Go ahead, make mistakes
“A life spent making mistakes is not only more honorable but more
useful than a life spent doing nothing.”
(George Bernard Shaw)
Many parents find themselves petrified by possibilities. They know the stakes are high and the decisions they make will have strong ramifications. Understandably, they want to know exactly what to do in every possible situation.
Even if that were possible, it would make for a very heavy tool bag (and make for a lifeless relationship—no one likes to be “tooled”). ScreamFree Parenting is a freeing message because it downplays the notion of techniques.

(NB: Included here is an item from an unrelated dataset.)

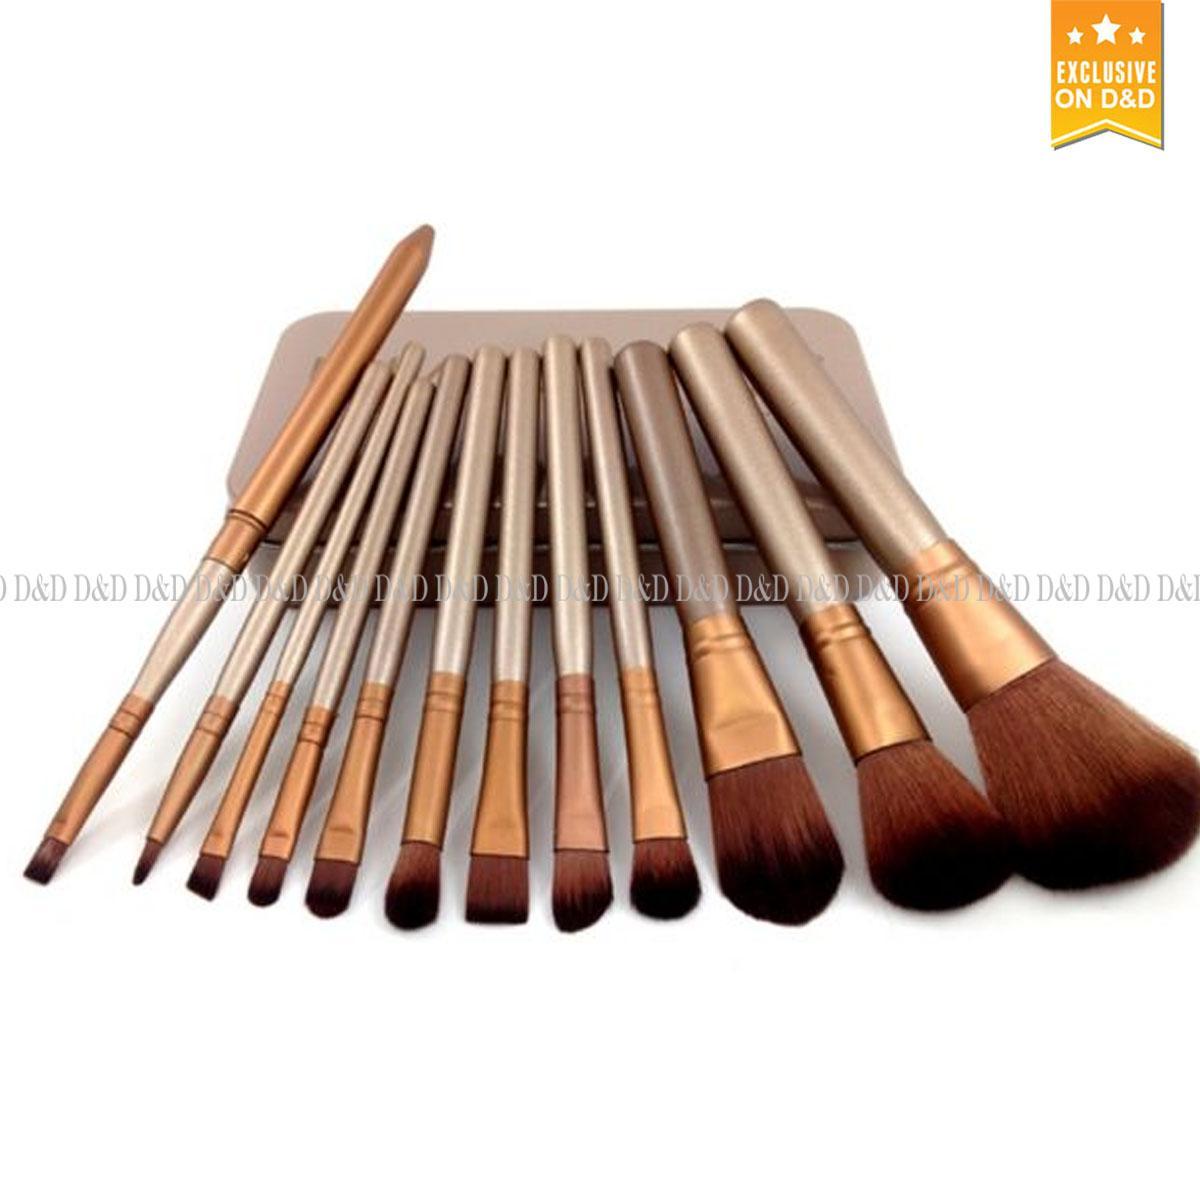 D D 12 Pcs Professional Make Up Brushes Set (Gold) 976439ef607a
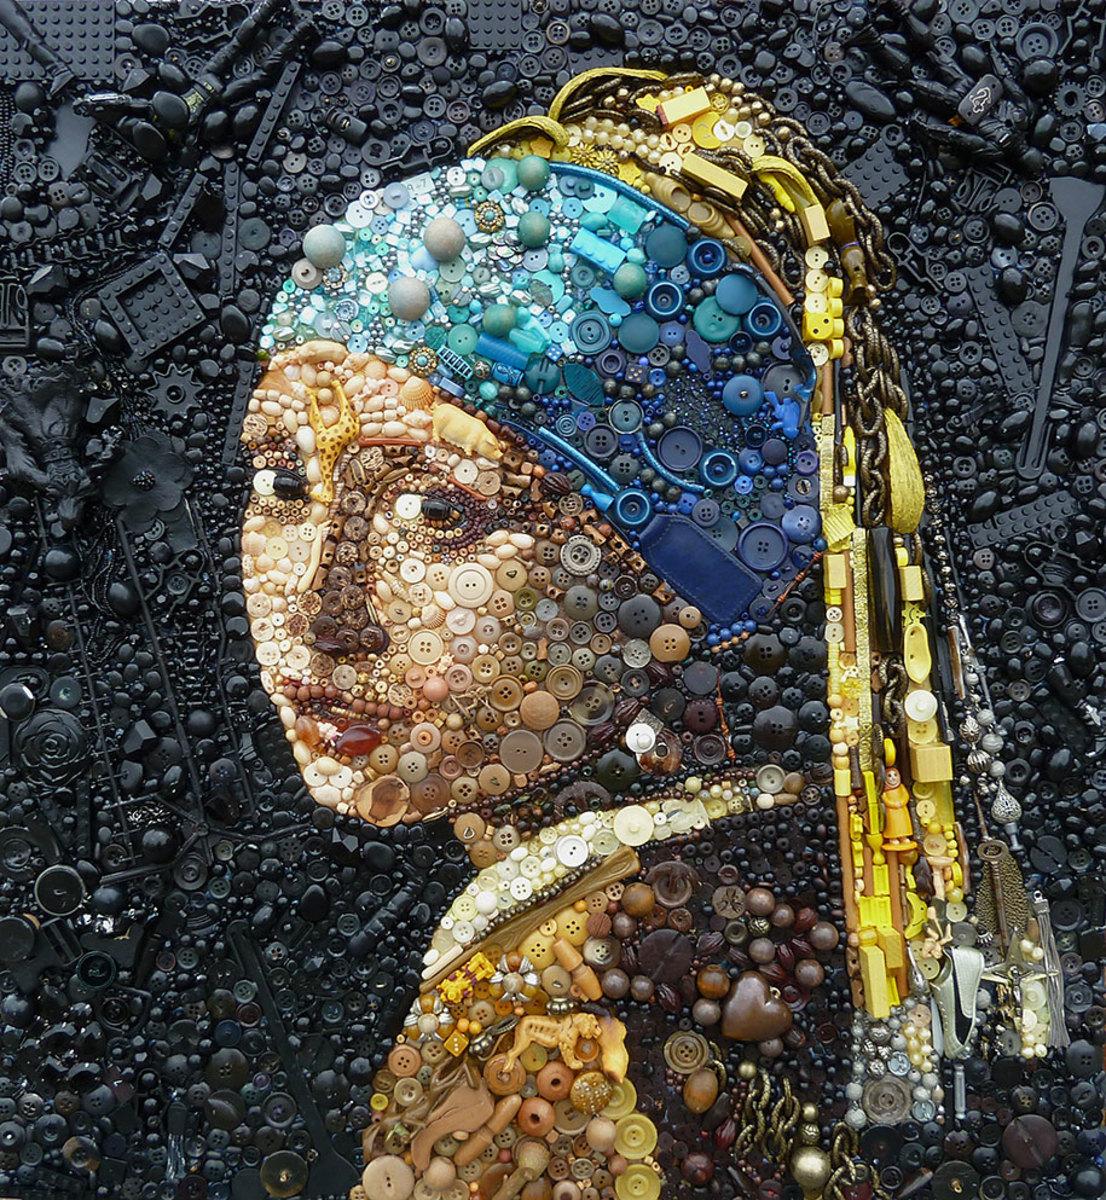 plastic-classics-found-objects-famous-portraits-jane-perkins-5

We teach principles instead, which can be applied differently with each situation, and allow you to tap into your uniqueness and creativity.
Parents, take the principle of “Empty Threats are Really Broken Promises.” One way to apply this might be to select a lesser consequence (I’m going to disable your phone for 24 hours) than the one your anger wants you to (you’re grounded for two months, young lady!!). That way, you know you can at least complete the consequence, and not be exposed as all bark and no bite.
Spouses, take the principle of “Intimacy Begins with an ‘I’.” One way to apply this today could be to text your spouse the following: “Hey there—I’d like to go to bed a little early tonight, and take you with me.” Or this: “Hey baby, I’m gonna take a strong look at our debt tonight, and I’d love you to join me. I believe we can do this.”
Now, could these decisions backfire? Possibly, depending on your intent and your tone, or on the recent context of your relationship. Don’t let that fear stop you. If you mess up, just view it as an opportunity to grow some more and try it again another way. Acknowledge the mistake and keep on keepin’ on.